### GIVEN INFORMATION
· · ·

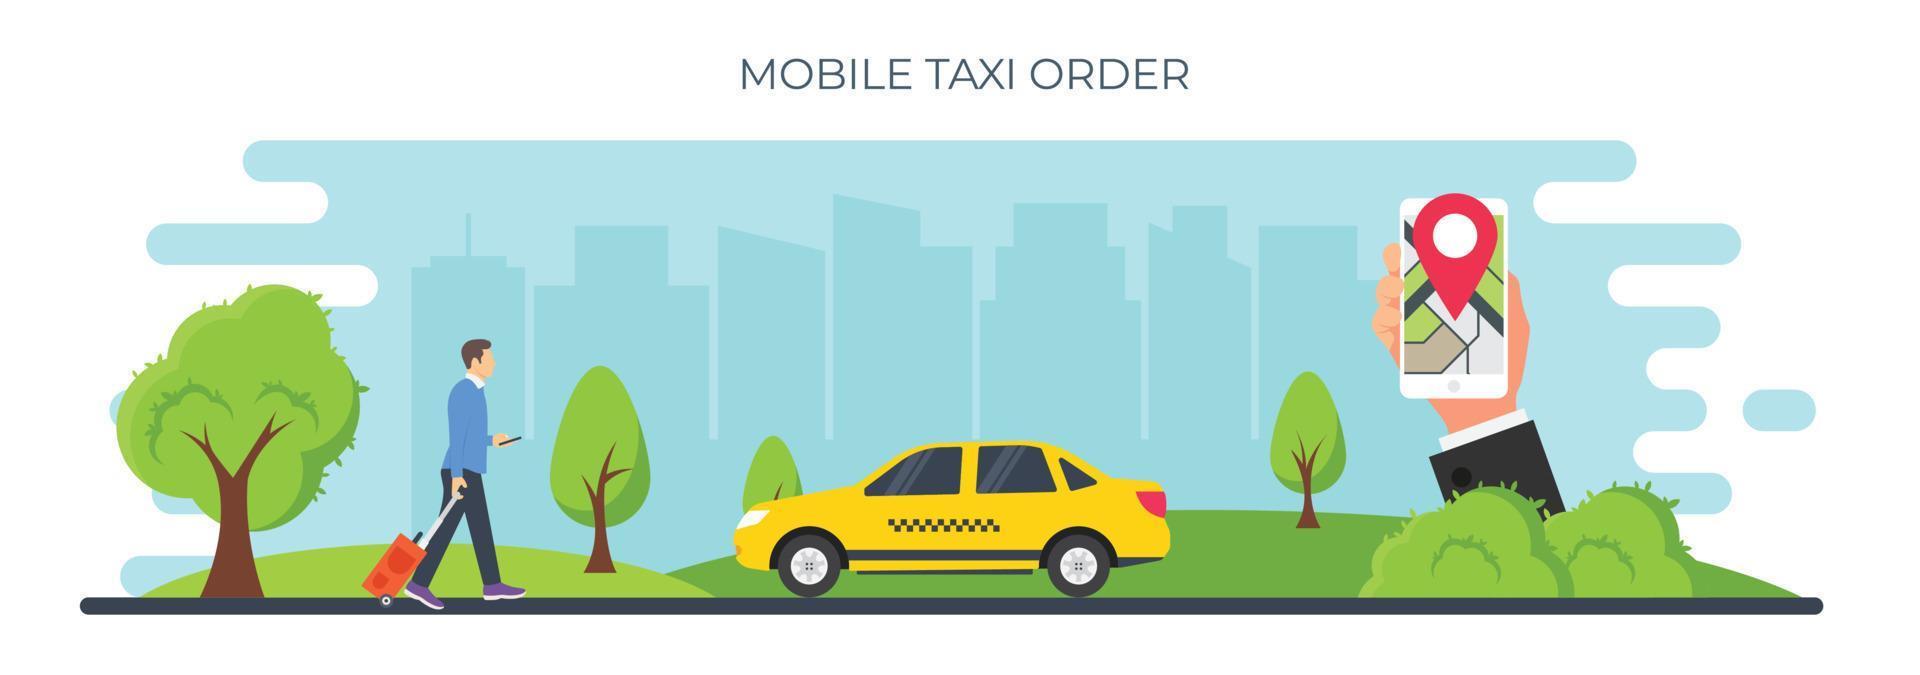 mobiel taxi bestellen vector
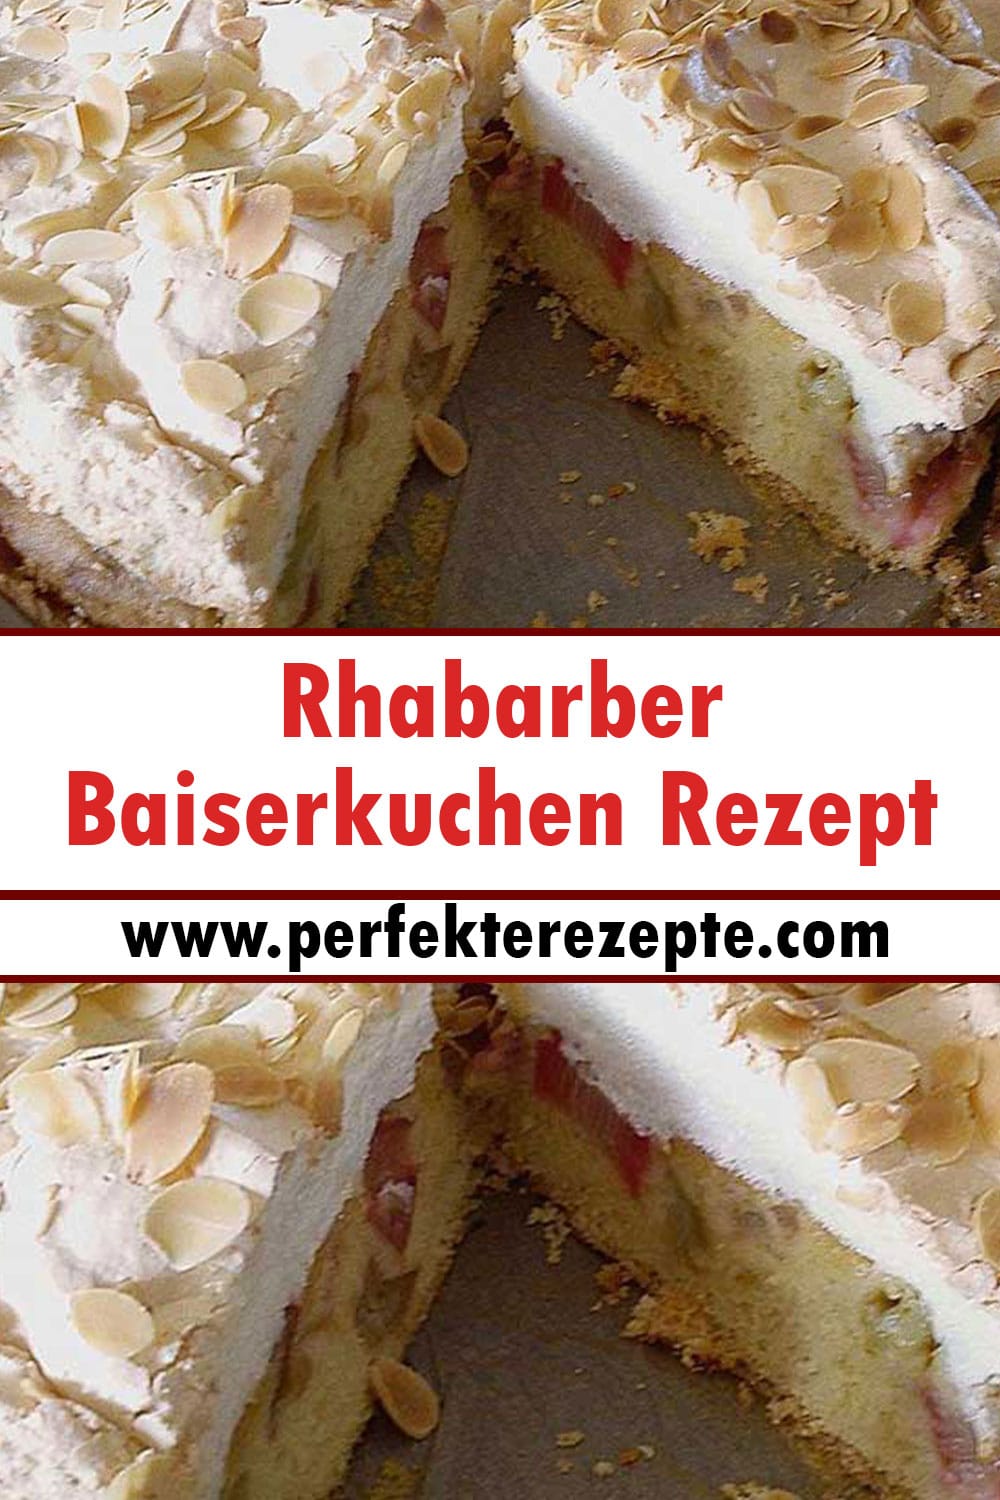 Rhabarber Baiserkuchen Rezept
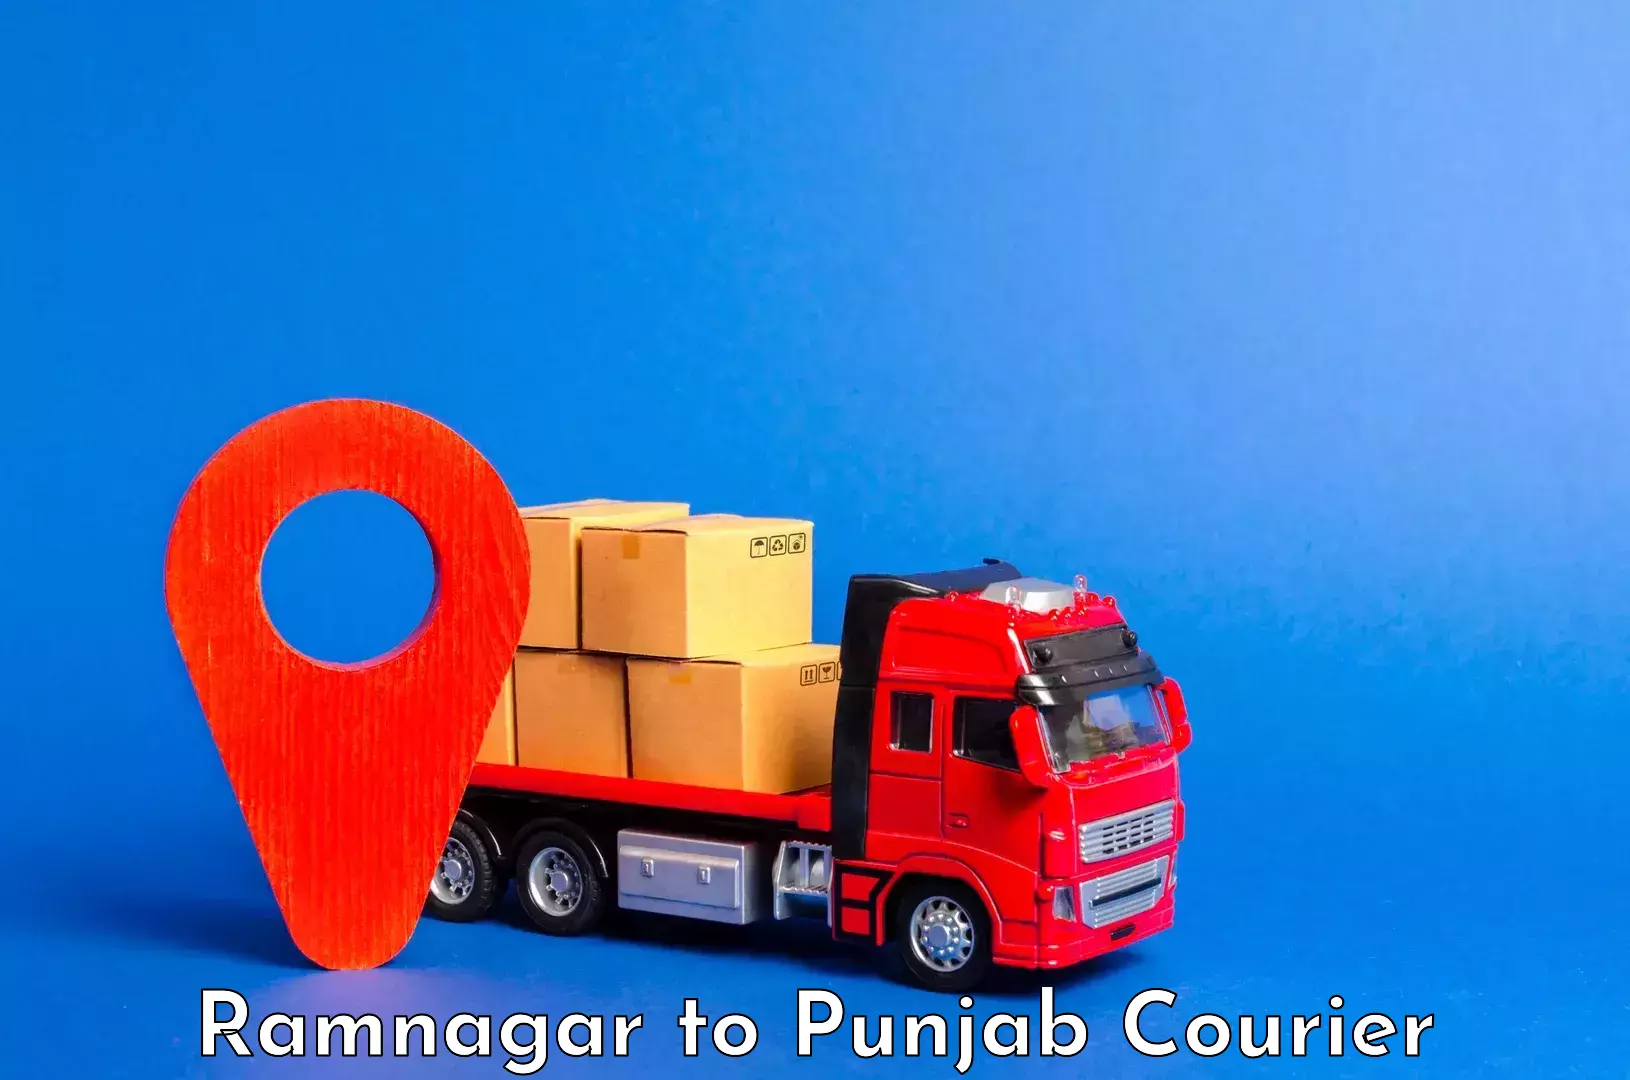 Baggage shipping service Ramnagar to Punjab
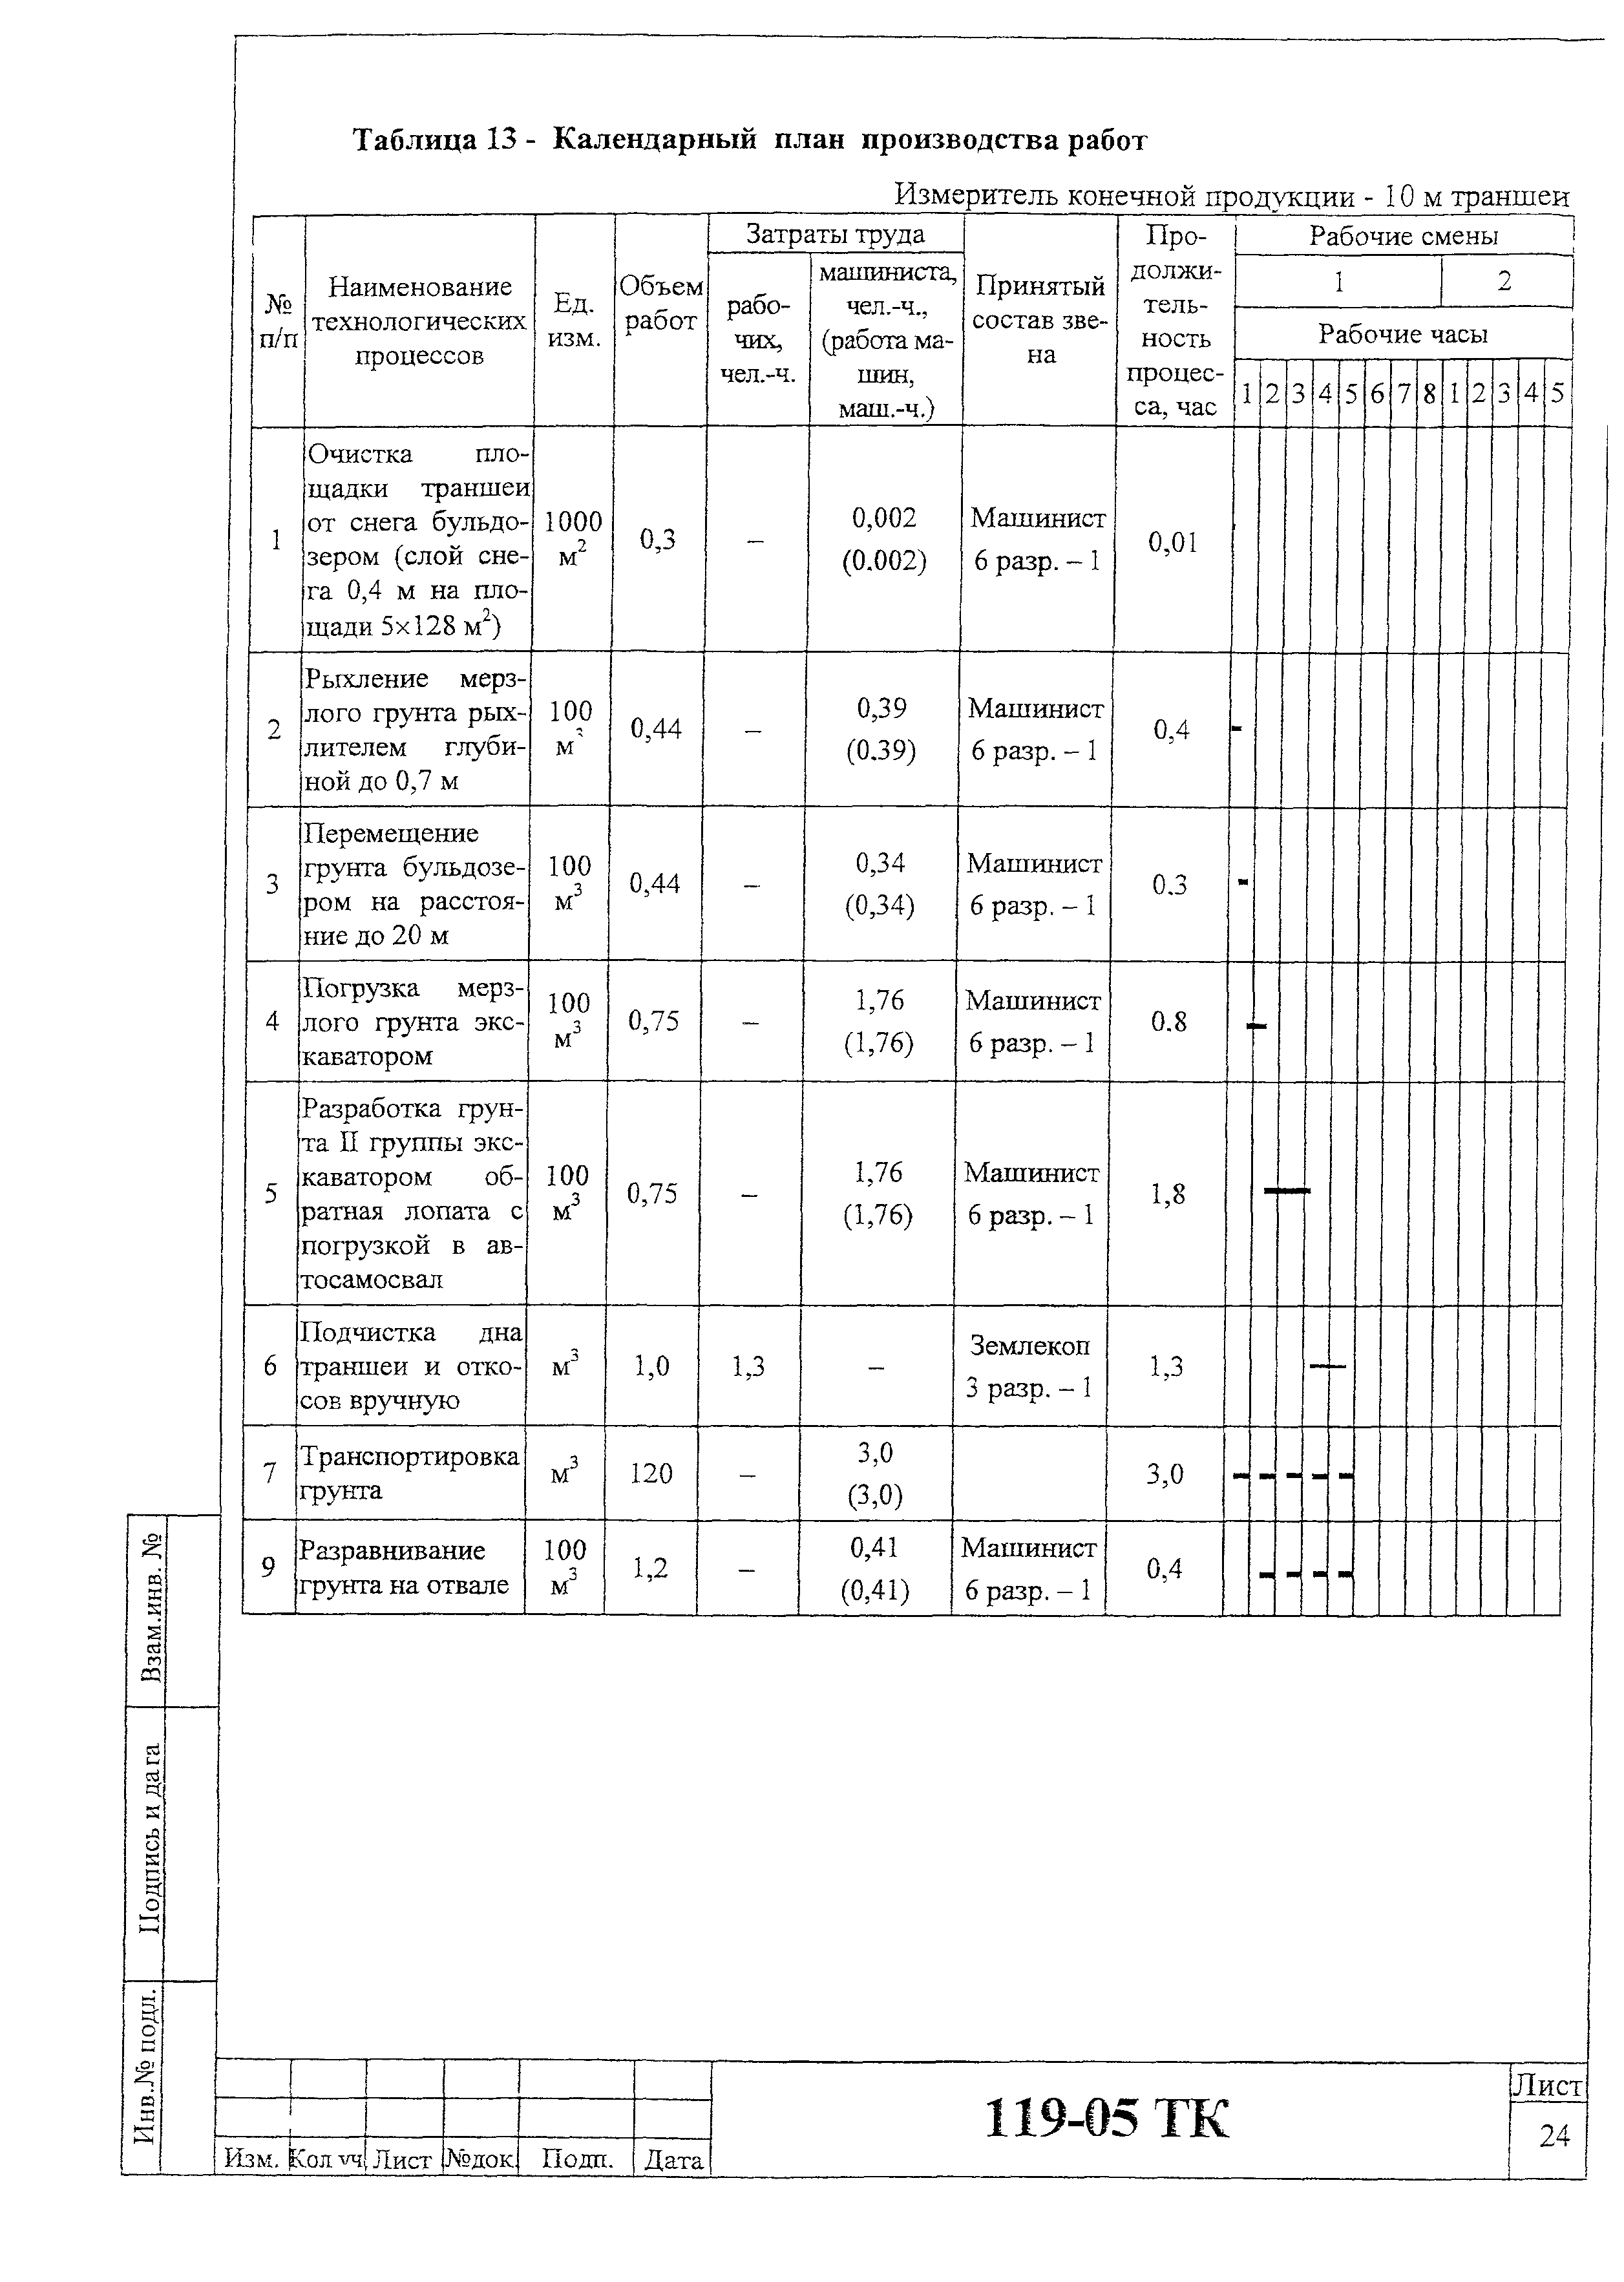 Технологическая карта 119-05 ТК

· · ·

### TASK TO COMPLETE
Reproduce the whole listing above character for character; pictures do not belong in it.

### ANSWER TO THIS TASK
 mobiel taxi bestellen vector
 Rhabarber Baiserkuchen Rezept
 Baggage shipping service Ramnagar to Punjab
 Технологическая карта 119-05 ТК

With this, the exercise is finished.